(Items from a data source)

********

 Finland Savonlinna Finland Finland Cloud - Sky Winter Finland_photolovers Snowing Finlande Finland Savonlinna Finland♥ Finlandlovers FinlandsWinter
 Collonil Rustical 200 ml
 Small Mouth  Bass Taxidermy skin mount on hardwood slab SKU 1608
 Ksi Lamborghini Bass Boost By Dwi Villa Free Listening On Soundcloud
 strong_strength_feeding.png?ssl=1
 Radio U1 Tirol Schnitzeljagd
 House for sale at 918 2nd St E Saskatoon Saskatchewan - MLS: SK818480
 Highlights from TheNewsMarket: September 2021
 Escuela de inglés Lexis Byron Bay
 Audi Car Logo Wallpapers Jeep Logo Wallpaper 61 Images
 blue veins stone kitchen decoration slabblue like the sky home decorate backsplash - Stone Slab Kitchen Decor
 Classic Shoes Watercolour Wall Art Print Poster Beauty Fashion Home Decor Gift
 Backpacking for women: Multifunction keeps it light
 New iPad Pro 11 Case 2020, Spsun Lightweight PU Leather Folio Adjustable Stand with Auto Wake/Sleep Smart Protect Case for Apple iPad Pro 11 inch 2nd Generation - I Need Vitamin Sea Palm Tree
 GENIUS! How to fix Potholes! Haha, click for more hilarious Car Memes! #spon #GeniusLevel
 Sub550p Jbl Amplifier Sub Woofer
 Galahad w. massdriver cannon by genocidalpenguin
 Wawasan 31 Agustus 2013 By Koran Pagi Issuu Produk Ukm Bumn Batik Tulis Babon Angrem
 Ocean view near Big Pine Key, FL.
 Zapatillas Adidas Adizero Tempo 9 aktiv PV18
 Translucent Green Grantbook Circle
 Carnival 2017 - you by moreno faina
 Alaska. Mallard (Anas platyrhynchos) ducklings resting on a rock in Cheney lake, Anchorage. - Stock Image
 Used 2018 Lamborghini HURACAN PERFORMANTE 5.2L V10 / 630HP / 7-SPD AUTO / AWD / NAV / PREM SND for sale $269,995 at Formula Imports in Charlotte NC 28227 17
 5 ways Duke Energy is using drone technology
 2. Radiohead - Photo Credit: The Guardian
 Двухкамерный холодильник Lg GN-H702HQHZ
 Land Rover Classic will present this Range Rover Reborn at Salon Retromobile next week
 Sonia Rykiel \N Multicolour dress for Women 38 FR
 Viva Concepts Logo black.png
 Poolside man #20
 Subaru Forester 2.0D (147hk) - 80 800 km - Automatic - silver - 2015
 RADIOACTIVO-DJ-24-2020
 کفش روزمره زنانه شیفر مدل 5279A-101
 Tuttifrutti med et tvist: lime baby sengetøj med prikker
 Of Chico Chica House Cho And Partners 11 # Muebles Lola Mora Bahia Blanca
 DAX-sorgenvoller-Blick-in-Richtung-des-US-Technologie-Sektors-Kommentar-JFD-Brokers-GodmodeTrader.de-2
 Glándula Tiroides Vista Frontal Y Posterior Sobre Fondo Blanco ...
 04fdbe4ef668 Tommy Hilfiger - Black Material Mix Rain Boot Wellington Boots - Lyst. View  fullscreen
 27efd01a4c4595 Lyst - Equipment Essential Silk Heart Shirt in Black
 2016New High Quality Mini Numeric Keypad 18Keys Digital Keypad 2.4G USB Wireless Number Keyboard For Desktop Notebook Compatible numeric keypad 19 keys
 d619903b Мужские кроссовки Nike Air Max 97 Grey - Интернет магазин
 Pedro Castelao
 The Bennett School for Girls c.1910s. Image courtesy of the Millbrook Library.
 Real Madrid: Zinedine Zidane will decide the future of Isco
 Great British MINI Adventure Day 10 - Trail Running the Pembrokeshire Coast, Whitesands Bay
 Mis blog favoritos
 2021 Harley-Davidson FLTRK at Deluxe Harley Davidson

********

**Task objective**
There is a line with "strong_strength_feeding.png?ssl=1" and a line with "Galahad w. massdriver" above. Copy exactly those two lines and all lines between them, with nothing else.

**Solution to this task**
 strong_strength_feeding.png?ssl=1
 Radio U1 Tirol Schnitzeljagd
 House for sale at 918 2nd St E Saskatoon Saskatchewan - MLS: SK818480
 Highlights from TheNewsMarket: September 2021
 Escuela de inglés Lexis Byron Bay
 Audi Car Logo Wallpapers Jeep Logo Wallpaper 61 Images
 blue veins stone kitchen decoration slabblue like the sky home decorate backsplash - Stone Slab Kitchen Decor
 Classic Shoes Watercolour Wall Art Print Poster Beauty Fashion Home Decor Gift
 Backpacking for women: Multifunction keeps it light
 New iPad Pro 11 Case 2020, Spsun Lightweight PU Leather Folio Adjustable Stand with Auto Wake/Sleep Smart Protect Case for Apple iPad Pro 11 inch 2nd Generation - I Need Vitamin Sea Palm Tree
 GENIUS! How to fix Potholes! Haha, click for more hilarious Car Memes! #spon #GeniusLevel
 Sub550p Jbl Amplifier Sub Woofer
 Galahad w. massdriver cannon by genocidalpenguin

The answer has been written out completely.